I remember the pink wooden doll bed we used for a manger, and the green and white knit blanket we used for swaddling clothes – a blanket that had wrapped me warm as a baby.  I remember my dad in his maroon bathrobe as a shepherd. I remember singing We Three Kings as the “kings” marched down the hallway, my sister’s voice the loudest.

And I remember the Spirit illustrating His Story through us.
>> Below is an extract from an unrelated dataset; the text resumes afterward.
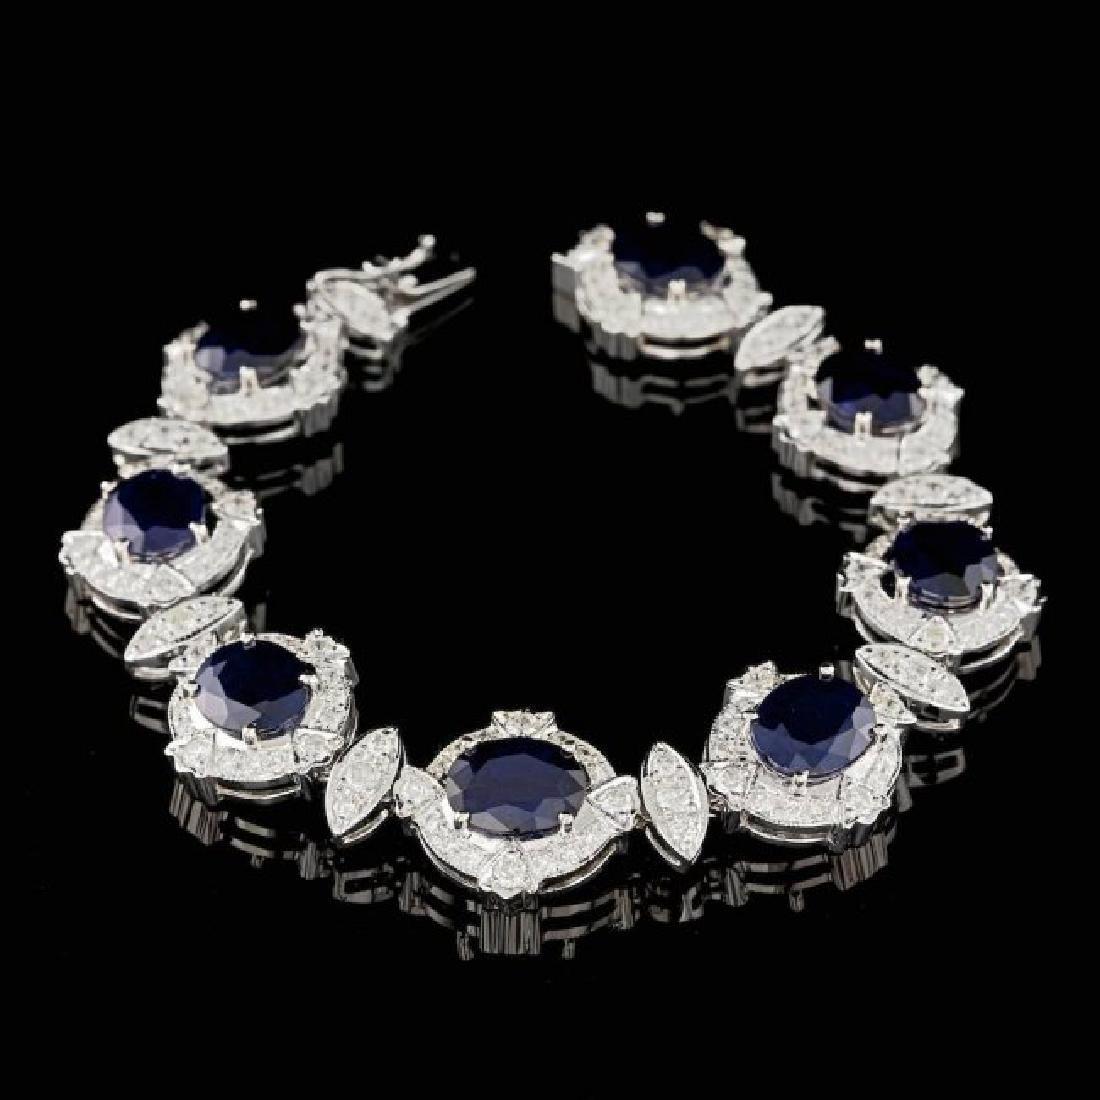 14k Gold 24.50ct Sapphire 5.50ct Diamond Bracelet - 3

We were children, acting simple parts, and yet our worship at the manger was more than mere pretense. We may have been dressed as a young, frightened girl from Nazareth, or a rich wise sage, but the knees we bowed before the Christ-child were our own. In a mysterious way, we were shepherds, watching diligently over our daily activities of sports and homework, our lives interrupted by the Good News. And like those Bethlehem shepherds, we chose to journey and see, to leave behind the mundane for the profound.

So now it’s Advent again, and what do I want to do with my children? Light a candle. Read part of the Story. Enter in through action.

What do I gain from shouting into a darkened living room the words of the angel, “Do not be afraid. I bring you good news of great joy that will be for all the people”? Or by jealously sneering the words of King Herod, “Go and make a careful search for the child. As soon as you find him, report to me, so that I too may go and worship him.”

I gain perspective. I realize the parts of my own heart that have ulterior motives, like Herod. I gain glory. I wonder at the amazement of the shepherds as they hear first that the Savior of the world has made an obscure entrance. I gain commitment as I say, “I am the Lord’s servant. May it be to me as you have said.” I gain faith as I receive the words, “Nothing is impossible with God.”

Although my pre-schooler and toddler are far from stellar dramatists, they know how to pretend, to create story, to dress up. After all, Jesus called the children to come to him, and how better to come than entering into The Story, his coming.